LOCKED OUT

The one group unions don’t want getting a minimum wage in California? Union workers

When California governor Jerry Brown signed the state’s new $15 per hour minimum wage earlier this month, some of the loudest cheers came from labor unions, longtime champions of a higher minimum wage.

But as it turns out, many of those same unions have been quietly—and often successfully—lobbying cities to let employers who hire union workers pay them less than the mandated minimum.

Unions say it gives them the flexibility to negotiate packages for their workers that supplant wages with health insurance and other benefits.
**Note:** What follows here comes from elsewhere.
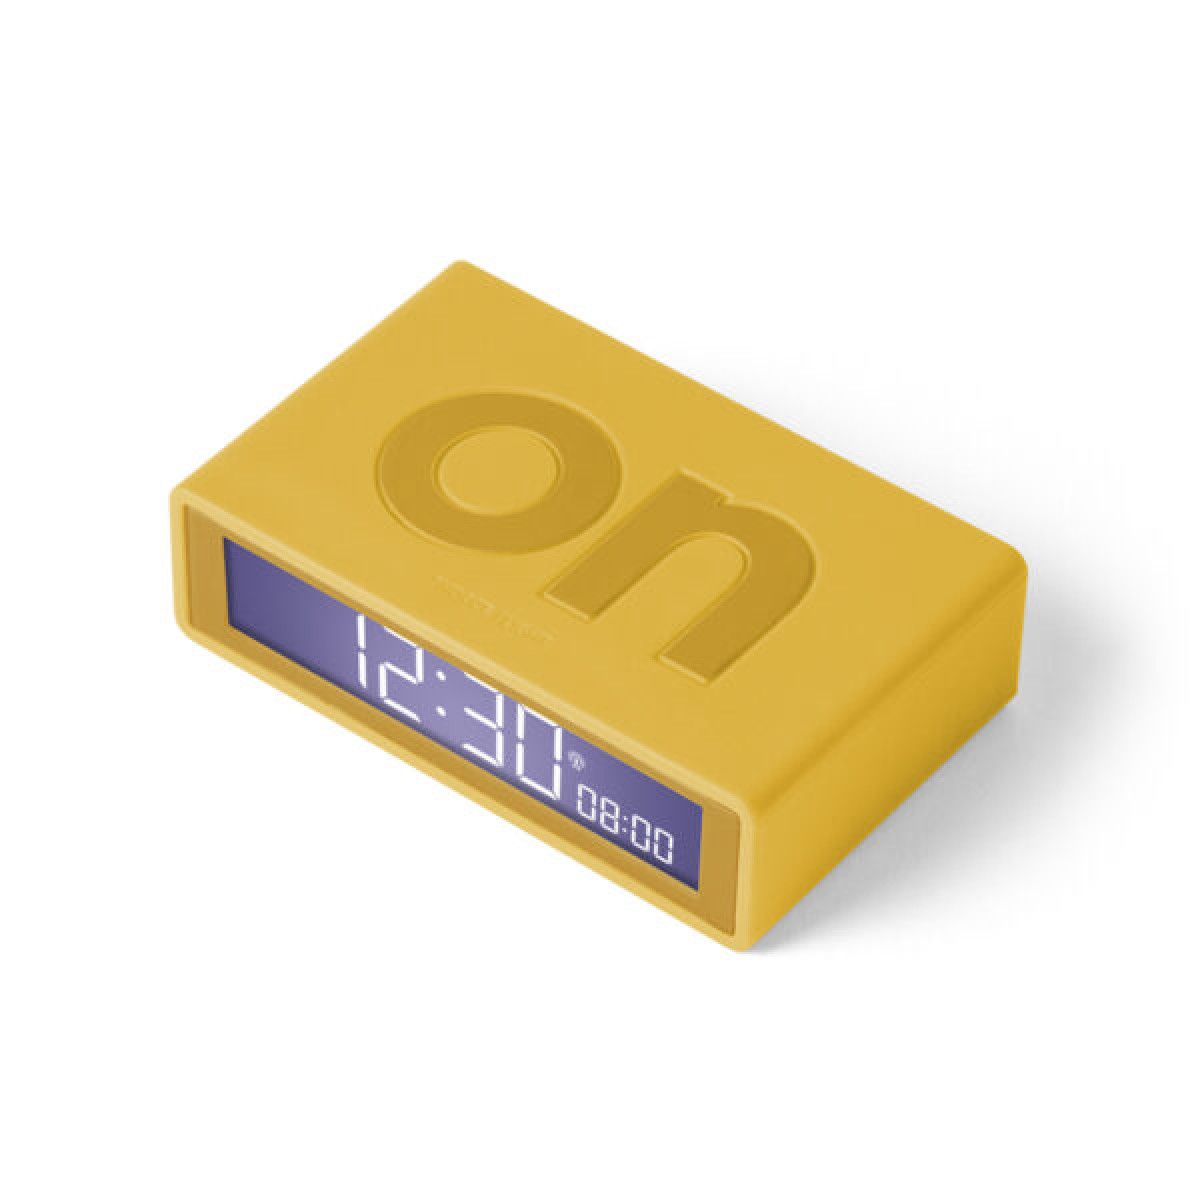 Lexon - Flip - Reversible LCD alarm clock - Rubber Yellow

Critics say that it’s a shrewd move by unions to drive up membership dues and ensure that their workers are the cheapest in town. The exemption gives cost-conscious employers little choice but to hire union, and workers who want jobs little choice but to join their local.

“It’s an organizing tool,” said Ruben Gonzalez, senior advisor at the Los Angeles Area Chamber of Commerce. “We’ve been completely opposed.”

Representatives from Unite Here, which covers hotel and garment industry workers, the AFL-CIO, and the service industry union SEIU did not respond to multiple requests for comment.

California’s new law mandates $15 per hour for all workers by 2022. Many cities had already adopted that rate locally. At the same time unions were lobbying cities to raise their wages, they were also making sure that the laws were written to exclude union workers from guaranteed higher pay.

Unions have secured such exemptions in at least 12 California cities including: Berkeley, Oakland, Palo Alto, San Francisco, San Jose, and Santa Monica. Most of those cities are in northern California’s Silicon Valley and San Francisco Bay Area, which have some of the state’s highest living costs.

The Los Angeles City Council will consider a similar exemption on Tuesday, April 19. An effort to include it in Los Angeles’s $15 per hour law, which passed last year, was defeated.

The exemption has proved controversial within organized labor, with unions divided on whether it’s a good move for employees and public relations.

“I just think unions should not be in the business of carving out lower wage standards for ourselves,” SEIU-United Healthcare Workers West President Dave Regan told the LA Times. “We don’t help ourselves with anybody—with our members or with the public—by defending the indefensible.”